Q&A: The Torah Versus Human Morality
The Torah Versus Human Morality
Question
Hello Rabbi Michi. I’m currently listening to the debate you had with Yaron Yadan, and there’s still some unresolved issue for me in your view of morality and the Torah. I’ll lay it out and would be glad for an explanation.
In the episode you basically argue that the Torah is a divine command that obligates you to some degree, and in addition you have a human moral command, and sometimes the two stand in contradiction. I completely understand that, and I also agree with it. But you argue that the Torah does not speak about morality at all—my question is why you do not hold that the Torah itself is the true moral command, but that human beings are incapable of arriving at an understanding of it on their own, since it comes from God, whose understanding we have no access to.

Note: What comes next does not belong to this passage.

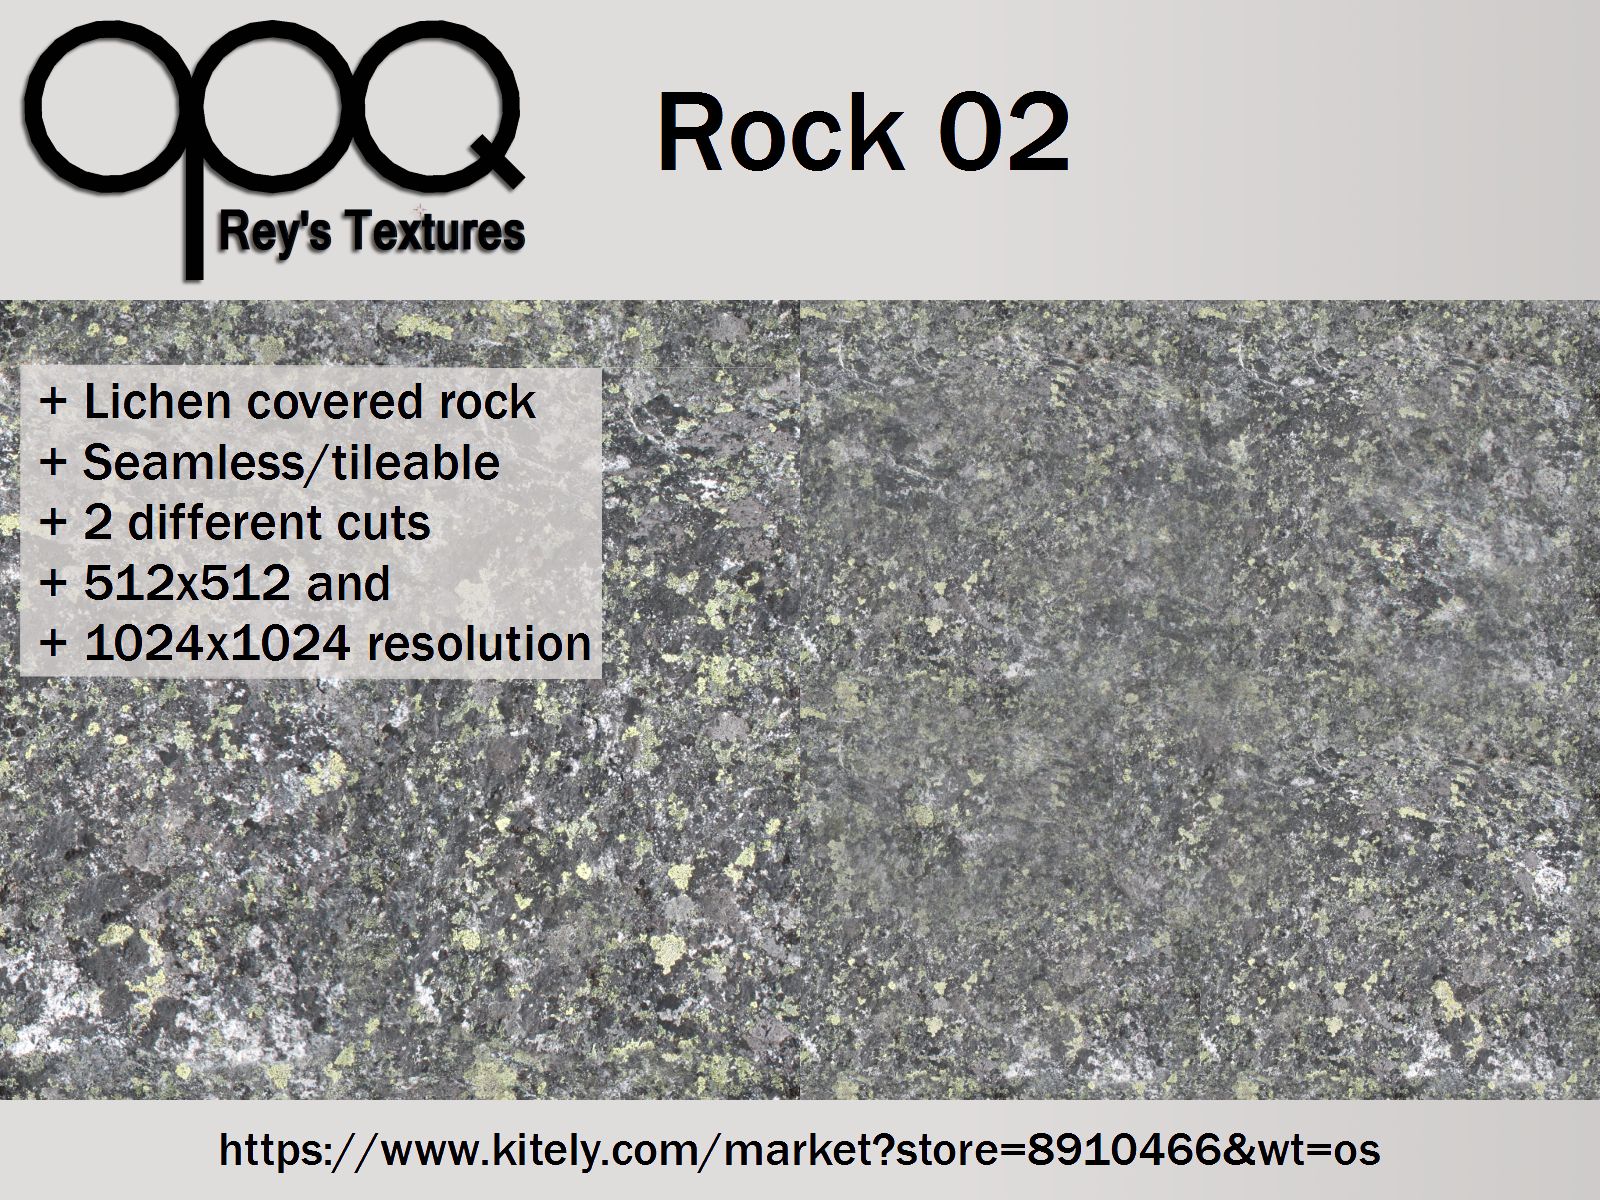 Rey's Rock 02 Poster Kitely.jpg
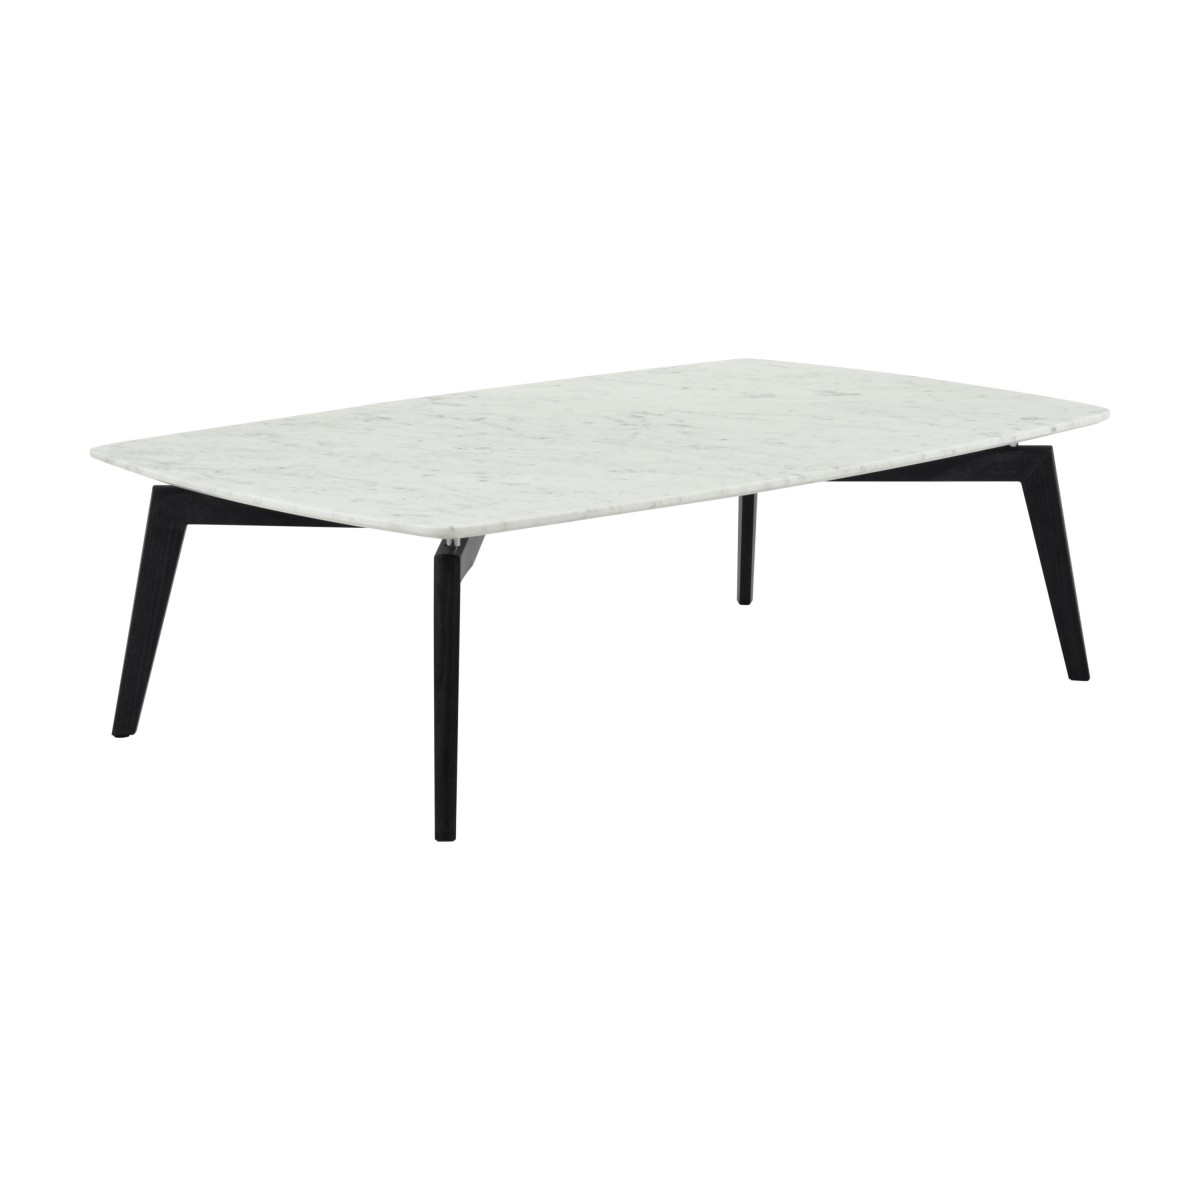 italian modern small table theo c5 6051

The practical implication of the question is that when there is a clash between your private morality and the command in the Torah, sometimes, according to what you say, you will act in favor of human morality and not the Torah. How can that be? After all, you would agree with me that private, human, rational morality changes from one era to another. Your morality is not the morality of Alexander the Great, nor that of Aristotle—even though both of them arrived at moral insights by reason alone. In other words, human morality is never absolute. Why do you see it as something significant enough that when it clashes with Jewish law / the words of the Torah, you would sometimes prefer it?
Answer
The moral command is not human but divine. Without God there is no validity to moral commands (see Column 456). Of course, the interpretation of morality is human. The same is true with respect to Jewish law. Its source and authority come from the Holy One, blessed be He, but the interpretation is human.
One can of course say whatever one wants. Paper can absorb anything. But to say that slaughtering animals is moral is to empty the word “morality” of content. It is mere empty talk. We understand very well what morality is, and that does not fall under that concept. By the way, there is no such thing as divine morality or Jewish morality or any other morality. There is morality, period. Morality does not change from one era to another. Our conceptions of it are what change (I tend to think we are making progress, much like in our scientific understanding).
Exactly the same is true regarding Jewish law. So I do not understand what this whole discussion changes. Even if the source of morality or of Jewish law is God, the interpretation always belongs to our world, and that changes over time and is not certain and is open to mistakes. In this respect there is no difference at all between Jewish law and morality. On the contrary, I expect far more mistakes in interpreting Jewish law than in interpreting morality, because morality we understand well, whereas Jewish law we do not.
I have dealt in many places, in very great detail, with the question of morality and its relationship to Jewish law. You can search here on the site, both in columns and in lecture series. If it interests you, you are welcome to listen and read.